For the short story reader. Updated every Monday.

The Short Form

“A Strange Murderer”

Maxim Gorky


“He spoke jerkily, as though in a delirium, for some time harping on the helplessness of me, and all the time a sullen fear shone in his eyes. His dry, ascetic face darkened as he said, hissing through his teeth:

“‘Just you think, sir; here at this very minute, I can strike you down dead! Just think of that! Who can forbid me to do it? What's to stop me? Nothing at all–nothing....’

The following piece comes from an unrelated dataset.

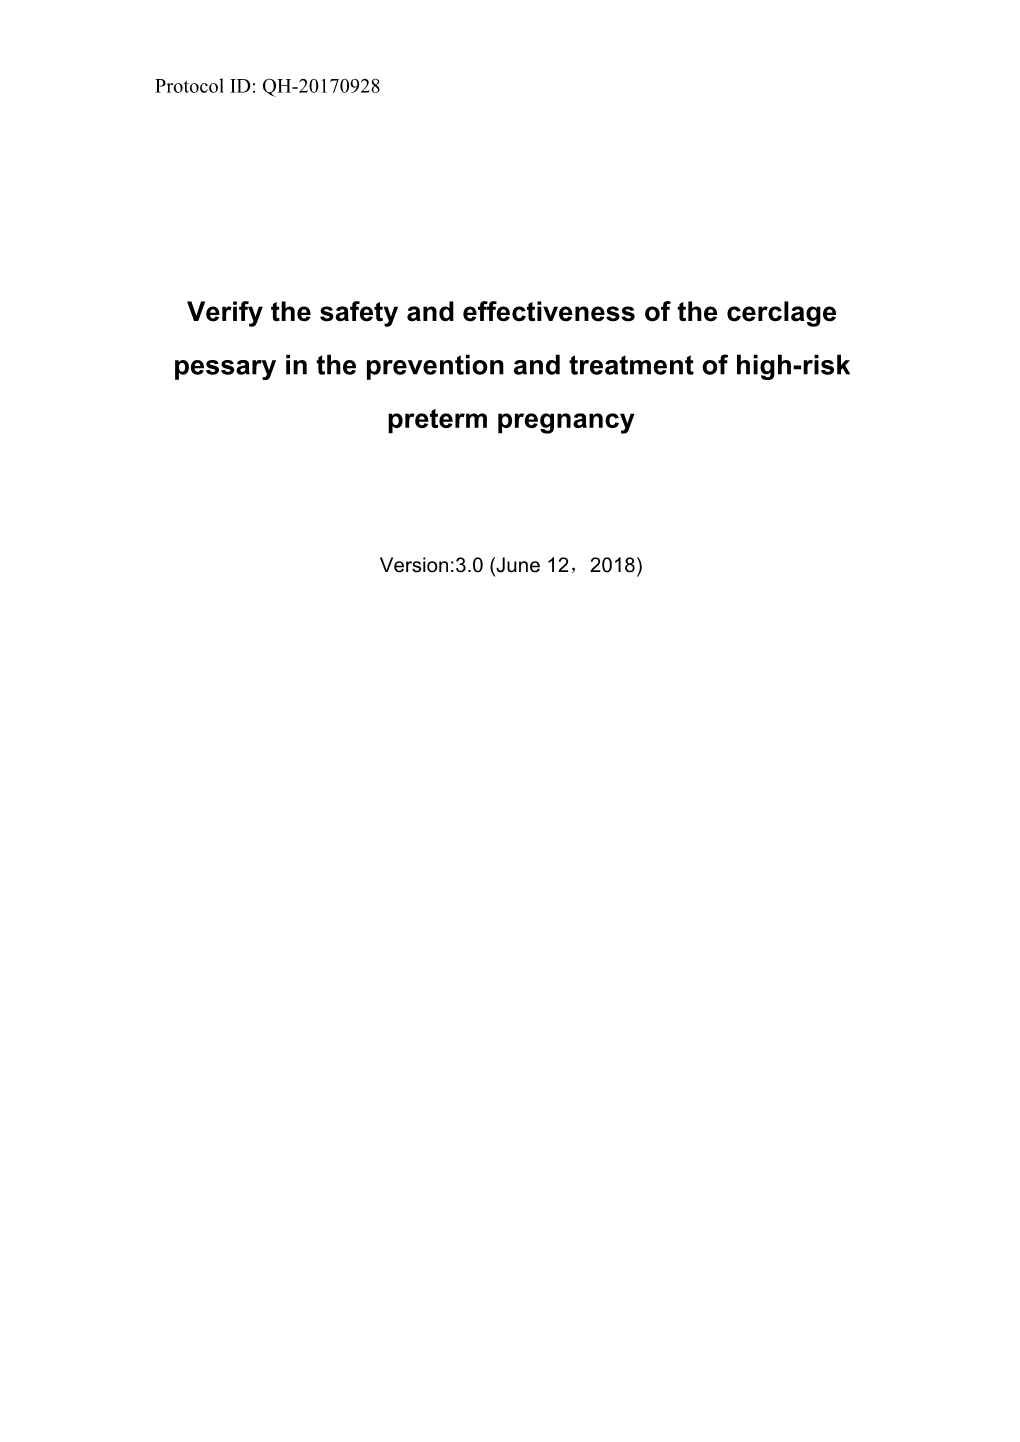 Verify the Safety and Effectiveness of the Cerclage Pessary in the Prevention and Treatment of High-Risk Preterm Pregnancy
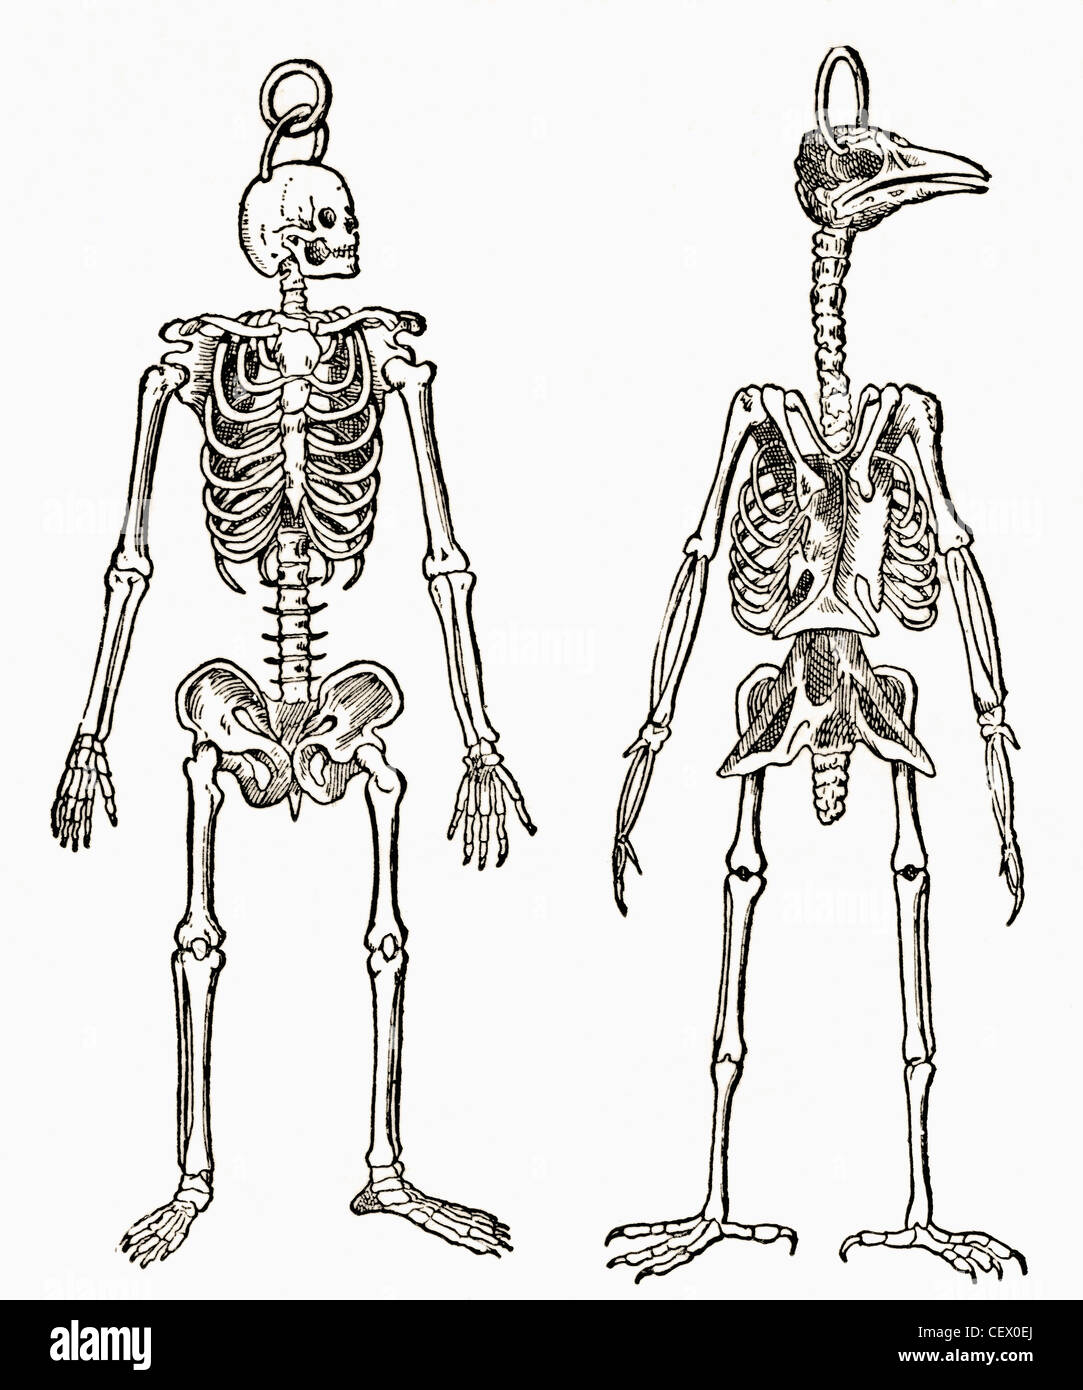 Skeletons of a man and a bird drawn to the same scale. From The Strand Magazine published 1897. Stock Photo

“He was punished for the murder of that girl by three years of prison–the mildness of the punishment being due, he explained, to the skill of his advocate–whome he did not hesitate to vilify: ‘A young one, with dishevelled hair, a bawler. He kept on saying to the jury: “Who could possibly say a bad word against this man? Not one of the witnesses has been able to. Moreover it is admitted that the dead woman was half-witted and debauched.” Oh, those lawyers! It's all tomfoolery, waste of time. I'll be defended from myself before the crime if you like, but once I've committeed it I don't want anyone to help me. You can hold me while I stand still, but once I have started running you can't catch me! If I run I will go on running until I fall down with exhaustion. But prison!–tomfoolery, an idle man's job, too.